Inclusion and exclusion of SRs
SRs of qualitative research regarding diabetes mellitus were retrieved from the PubMed database for all entries before the day of inclusion (January 25, 2021). The search terms (“Qualitative Research” [MeSH]) and (“Diabetes Mellitus” [MeSH]) were combined using the Boolan operator “AND”, and the filter “Systematic reviews” was applied. Despite not applying language restrictions, the search only yielded English results. Likewise, no restriction to the year of publication was applied. SRs were systematically full text evaluated according to the inclusion and exclusion criteria. Inclusion criteria were SRs of either qualitative or mixed methods (both qualitative and quantitative) research regarding all subtypes of diabetes mellitus. Exclusion criteria were a) lack of a full list of databases searched for data collection in the SR, b) included references not extractable through the reference list or supplementary data, c) SRs which focused solely on other diseases than diabetes mellitus or d) SRs only quantitative in nature. Details about collected variables from each SR and the references are summarized in Table 1.

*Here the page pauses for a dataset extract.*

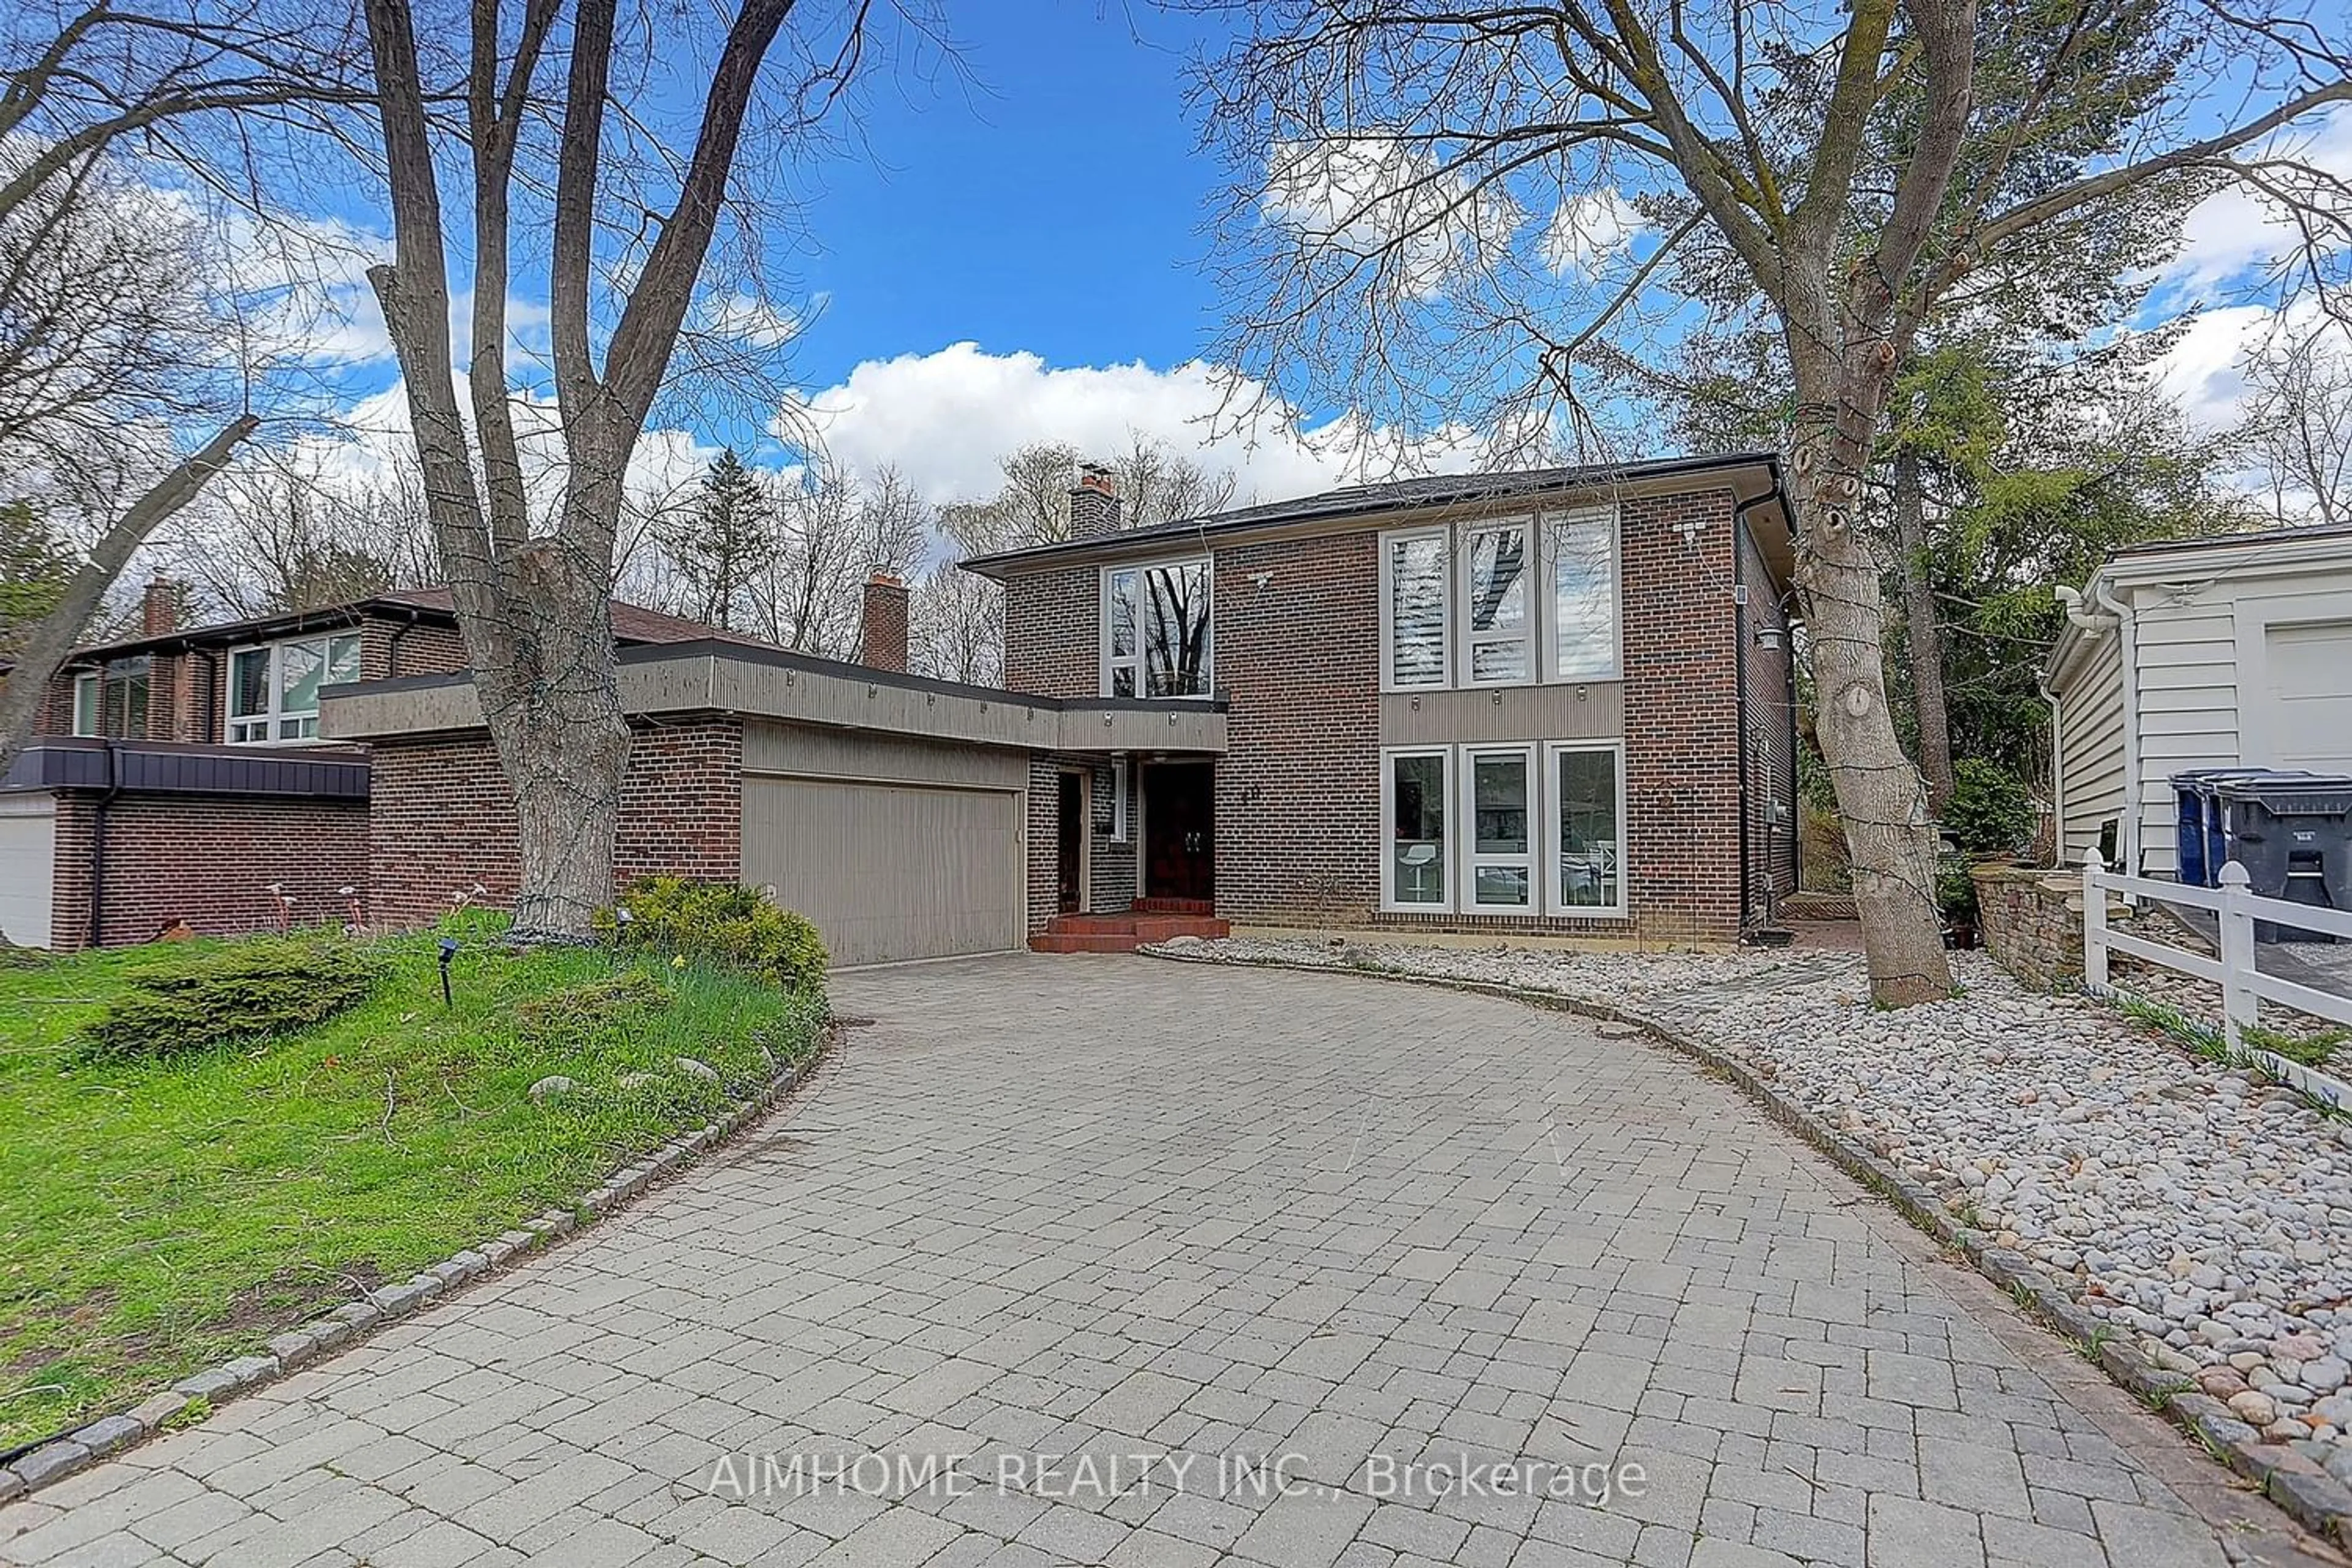 Home with brick exterior material for 40 Beardmore Cres, Toronto Ontario M2K 2P5

Inclusion and exclusion of references from SRs
A list of all included references was extracted from each SR. Each reference was evaluated on whether it met the inclusion and exclusion criteria. Inclusion criterion was references included in one of the included SRs. Exclusion criteria were a) quantitative references included in mixed methods SRs, b) references of diseases other than diabetes mellitus included in SRs of multiple diseases and c) unpublished references. Figure 1 illustrates the inclusion process of the SRs and their references. All references were systematically hand searched in seven databases CINAHL, MEDLINE/PubMed, PsycINFO, Embase, Web of Science, Scopus, and Google Scholar. Social Science Citation Index (SSCI) was not investigated in this study, as it is one of six databases already included in Web of Science. MEDLINE, and PubMed were treated as one database because PubMed includes all MEDLINE references . The references were initially searched by title. If the title search did not retrieve the reference, further searches, initially using the basic search functions and later using keywords, authors, and journals, were completed. For each reference, it was documented whether the reference was found and in which of the databases.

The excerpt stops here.